→ WORK INSTRUCTION
Give back, word for word, the lines in the listing below from the one holding "Fotografia infantil em" down to the one holding "Salma Hayek Harpers", both ends included.

→ DATA
--- START ---
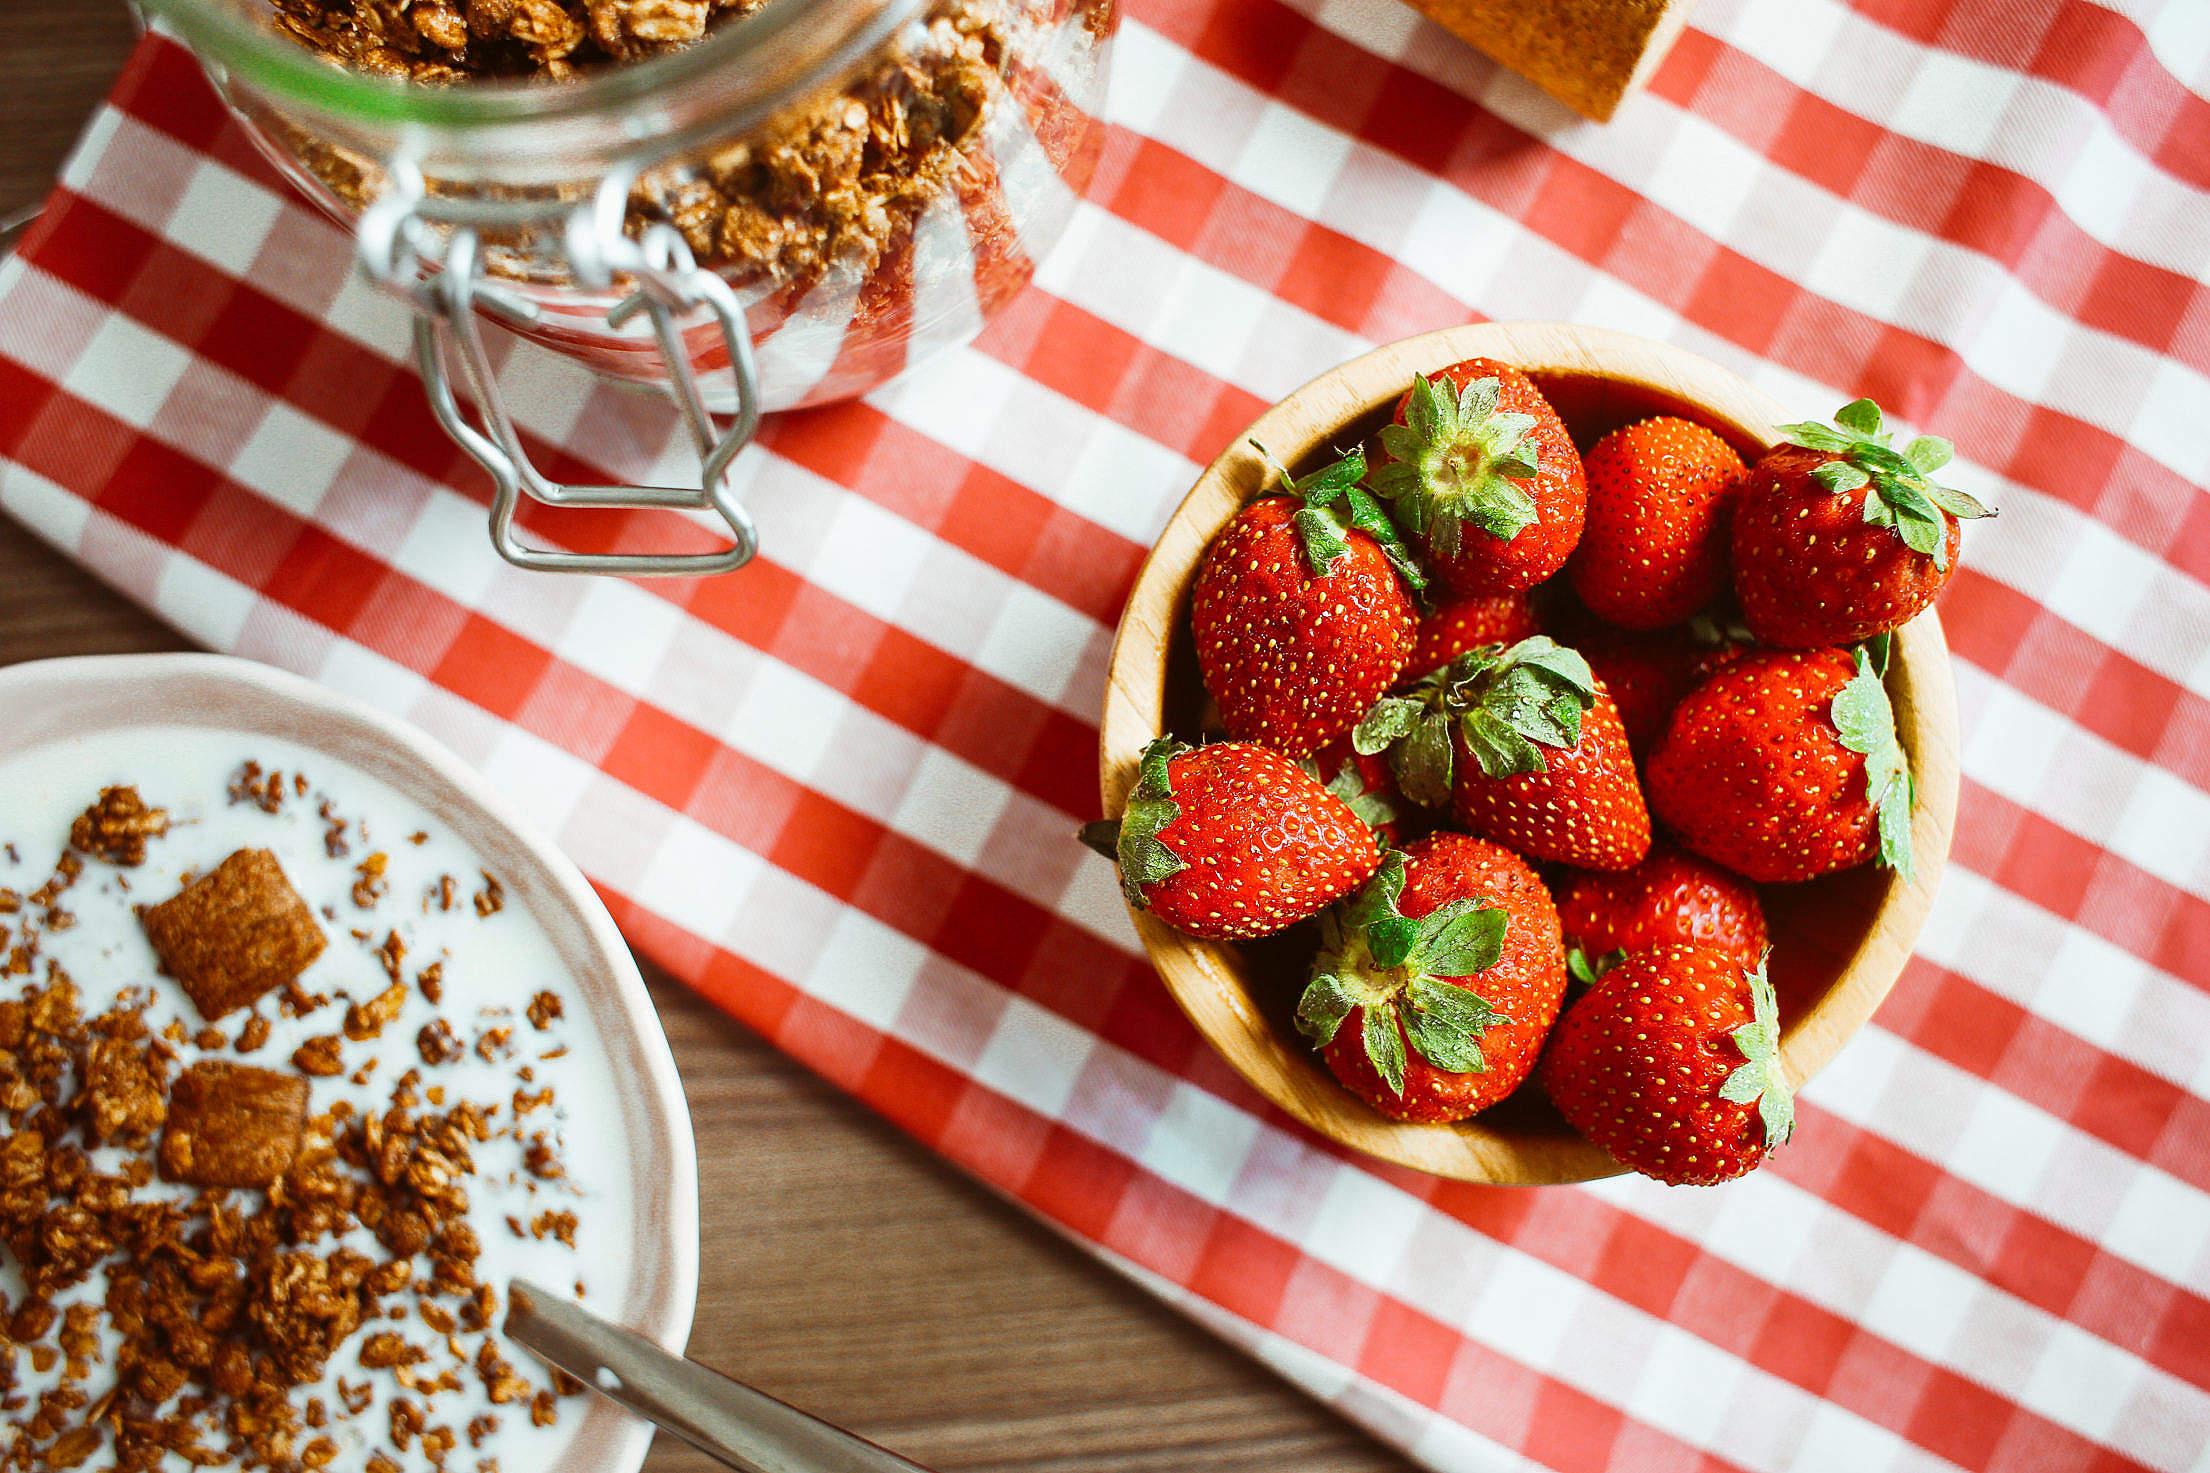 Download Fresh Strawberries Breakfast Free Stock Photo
--- END ---
--- START ---
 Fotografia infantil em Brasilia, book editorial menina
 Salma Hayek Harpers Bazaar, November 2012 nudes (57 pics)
--- END ---
→ EXERCISE RESULT
 Fotografia infantil em Brasilia, book editorial menina
 Salma Hayek Harpers Bazaar, November 2012 nudes (57 pics)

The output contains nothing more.